3.1 The Lagrangian and Its Properties

Using Lagrangian multipliers, we turn (2) into an unconstrained optimization problem,

$$
\begin{gather*}
\max _{\lambda \geq 0} \min _{\mathbf{X}} L(\mathbf{x}, \lambda) \\
L(\mathbf{x}, \lambda)=\sum_{(i, j)} c_{i j}\left|x_{i}-x_{j}\right|+\sum_{k=1}^{\pi} \lambda_{k}\left(h_{k}(\mathbf{x})-\tau\right) \tag{4}
\end{gather*}
$$

where $L(\mathbf{x}, \lambda)$ is the Lagrangian. From Kuhn-Tucker theory [8] we obtain the following complementary slackness theorem. Let $\lambda_{k}^{*}$ and $s_{k}^{*}$ be their respective values at global optimum.

Theorem 3.1 At global optimum, $\lambda_{k}^{*} s_{k}^{*}=0$.
The theorem implies that there are active constraints ( $\lambda_{k}>0$ ) and inactive constraints ( $\lambda_{k}=0$ ), and we can effectively ignore those inactive constraints in the neighborhood of the global optimum. As observed by Srinivasan et al. [17], the number of active constraints are kept small throughout timing-driven placement.

We can look at the Lagrangian as a function of two sets of variables, primal variables $x$ and dual variables $\lambda$. We can use $L(\mathbf{x})$ or $L(\lambda)$ to denote the Lagrangian when the other variable set is fixed. The following two optimization problems can be formulated using the above definitions: the primal problem

$$
\min _{\mathbf{x}} L(\mathbf{x}) \text { s.t. } \quad h_{k}(\mathbf{x}) \leq \tau, \quad k=1,2, \ldots, \pi
$$

and the dual problem

$$
\max _{\lambda} L(\lambda) \text { s.t. } \quad \lambda \geq 0
$$

A saddlepoint of the Lagrangian is defined as such a pair ( $\mathbf{x}^{*}, \lambda^{*}$ ) that satisfies

$$
L\left(\mathbf{x}^{*}, \lambda\right) \leq L\left(\mathbf{x}^{*}, \lambda^{*}\right) \leq L\left(\mathbf{x}, \lambda^{*}\right)
$$

for all $\lambda \geq 0$ and all $x$. As customary, we assume constraint qualification, differentiability, and convexity of $h_{k}(x)$. The following duality theorem is due to Wolfe [22].

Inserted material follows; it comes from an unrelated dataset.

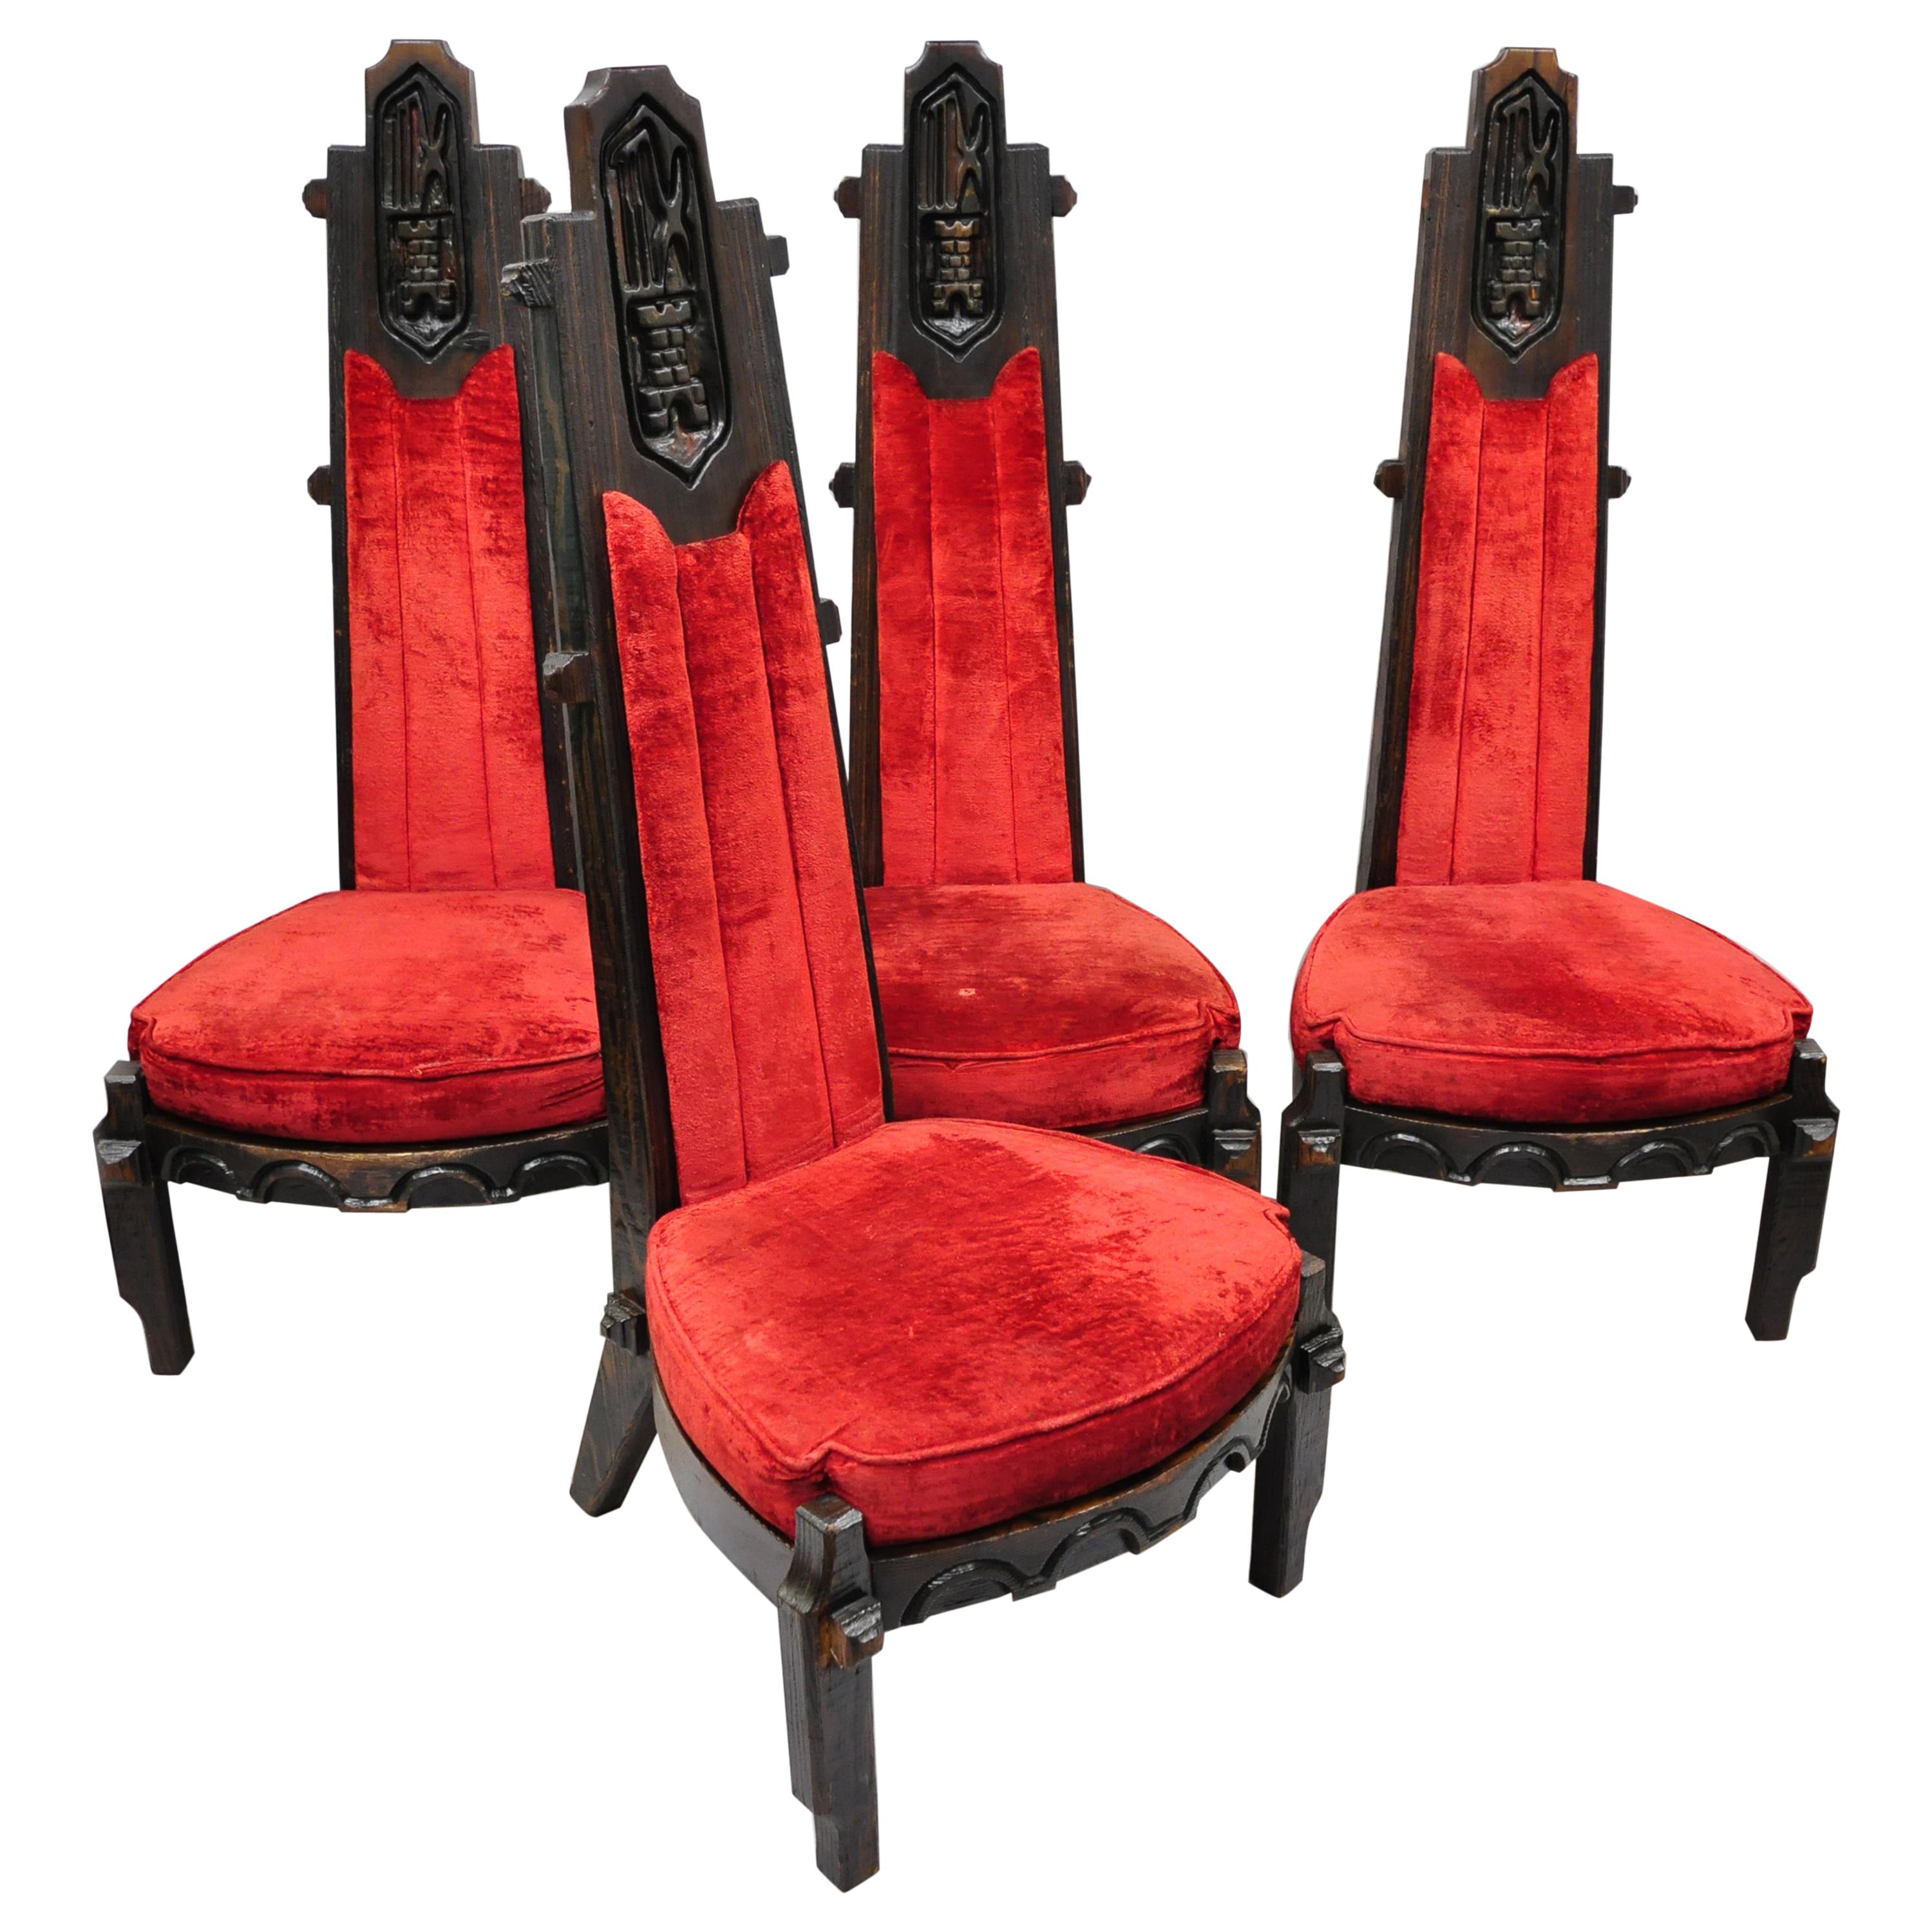 Maderas De Santa Barbara Gothic Revival Jungle Room Dining Chairs, Set of 4 For Sale
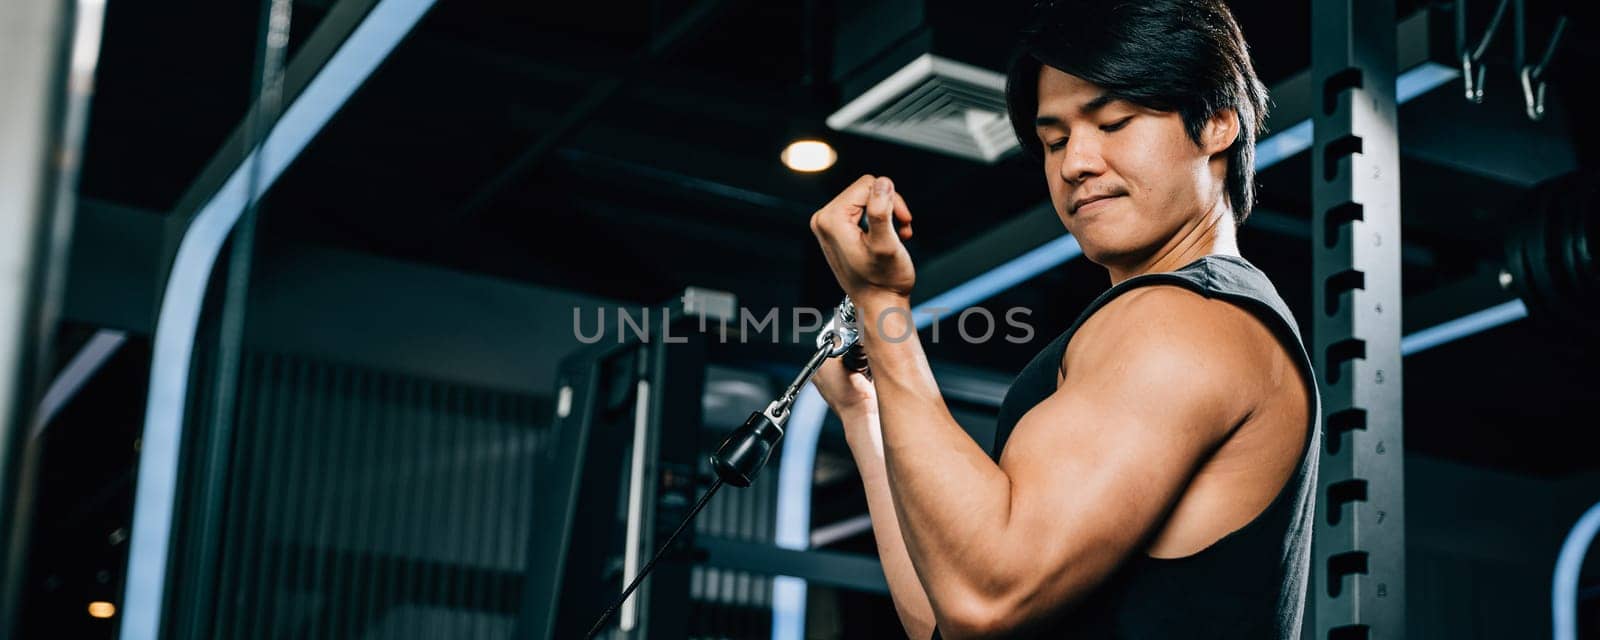 Concept of fitness and exercise - a muscular male athlete pulling a cable tricep rope during a strength training session. lifestyle and people concept

Theorem 3.2 If $\hat{\mathbf{x}}$ is the solution of the convex primal problem, then dual variables $\hat{\lambda}$ exist, such that ( $\hat{\mathbf{x}}$, $\hat{\lambda})$ solves the dual problem and the extremes of two problems are equal, that is

$$
L(\hat{\mathbf{x}}, \hat{\lambda})=\min _{\mathbf{x}} \max _{\lambda \geq 0} L(\mathbf{x}, \lambda)=\max _{\lambda \geq 0} \min _{\mathbf{x}} L(\mathbf{x}, \lambda) .
$$

The main idea of the primal-dual method [2] is to find a saddlepoint of the Lagrangian by solving primal problem and dual problem alternatively.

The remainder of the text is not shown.